Learning environments have been acknowledged to have positive impacts on student learning outcomes (Byers et al. 2018). Particularly, good interactions with learners in the context of providing feedback are of paramount important to ensure their learning progress (Vardy 2012). Thus, being approachable for the students to freely talk to and ask questions inside and outside the classroom is crucial. I provide various ways of feedback to my students including informal feedback (spontaneous feedback during lecture, workshop or consultation session), formal feedback (e.g. discussing the solutions and marking guidelines of the mid-test), formative feedback (e.g. feedback to the project and lab reports) and summative feedback (feedback at the end of the semester). After the assessments (within two weeks), I give formal feedback by uploading summaries of the comments on the assessments to Moodle so that they can reflect on the performances and do corrective actions for future assessments (Race 2010).
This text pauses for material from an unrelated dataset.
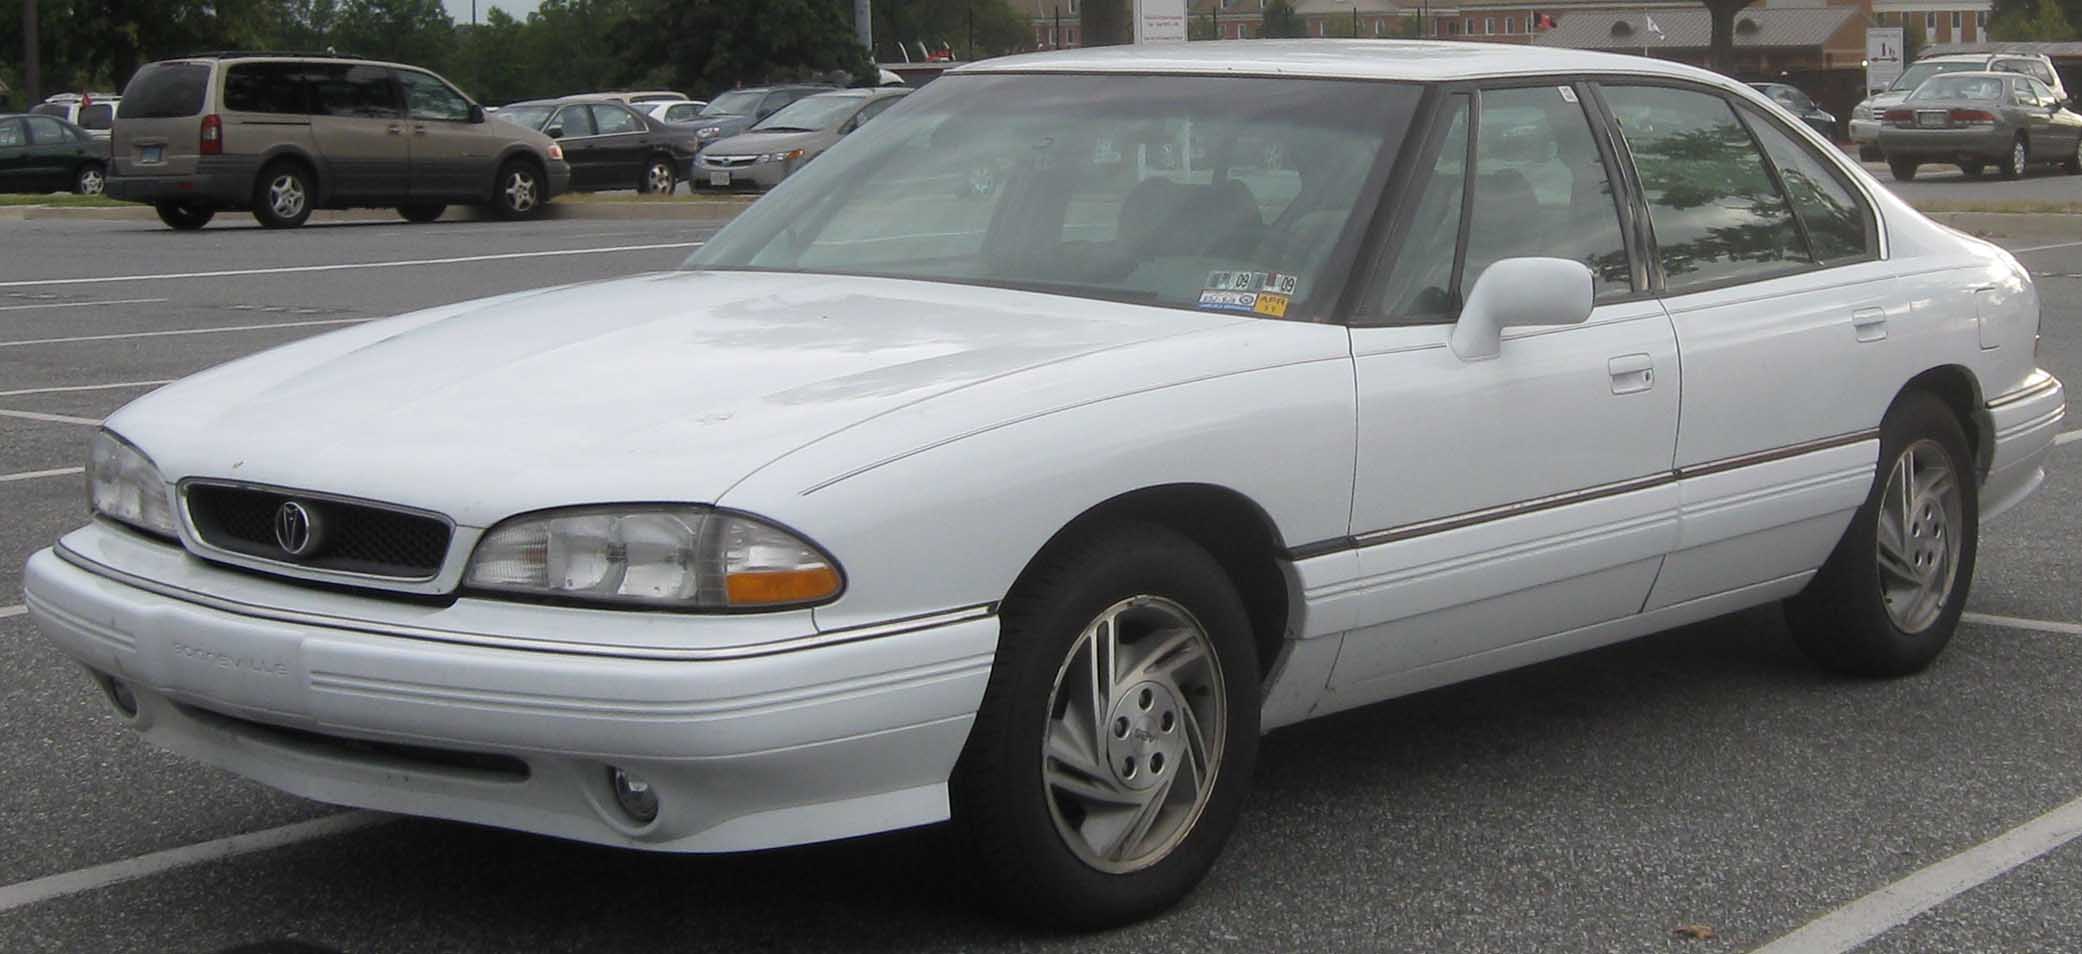 Pontiac Bonneville IX 1991 - 1999 Sedan #1

I also allow the students to see me for individual feedback session in which they can review their marked assessments and discus specific areas for improvements. Prior to the assessments, I conduct revision and clinic session and provide assessment study guideline. Reflecting on student behaviours affected by timely and constructive feedback, I have found the students feel that their progress is valued and supported. This further motivates them to engage more in learning and perform better in the future assessments. The students commented that the feedback given in various methods has been very constructive to their learning.  “Dr Agus is really good at guiding students in learning. Always give useful feedback about our assessment (eVALUate, CHEN2000, S1 2019)”, “He always provide immediate responses to students’ inquiries and questions. He is very good in guiding the students on what the students should do in the project with proper planned timeline. He always replies to emails and give useful feedback (eVALUate, CHEN2000, S1 2018)“, and “A very helpful educator, able to provide feedback (eVALUate, CHEN2000, S1 2019)”.


Biggs, J. and Tang, C. (2011). Teaching for Quality Learning at University (4th Ed.), Maidenhead: SRHE and Open University Press.

Brown, W.S. (2021). Successful Strategies to Engage Students in a COVID-19 Environment, Frontiers in Communication, 6: 641865.

Byers, T., Mahat, M., Liu, K., Knock, A., & Imms, W. (2018). Systematic Review of the Effects of Learning Environments on Student Learning Outcomes. Melbourne: University of Melbourne, LEaRN.

Chakraborty, P., Mittal, P., Gupta, M.S., Yadav, S., Arora, A. (2020). Opinion of students on online education during the COVID-19 pandemic, Human Behavior and Emerging Technologies, 1–9

Dhawan, S. (2020). Online Learning: A Panacea in the Time of COVID-19 Crisis, Journal of Educational Technology Systems, 49 (1): 5-22.

Loftin, C., Davis, L.A. and Hartin, V. (2010). Classroom participation: A student perspective, Teaching and Learning in Nursing, 5 (3): 119-124.

Nowakowski, P.T. (2010). The Academic as Knowledge Purveyor: Deontological Considerations, International Journal of Arts and Sciences, 3(8): 487 – 495.

Race, P. (2010). Making learning happen: A guide for post-compulsory education. London: Sage Publications.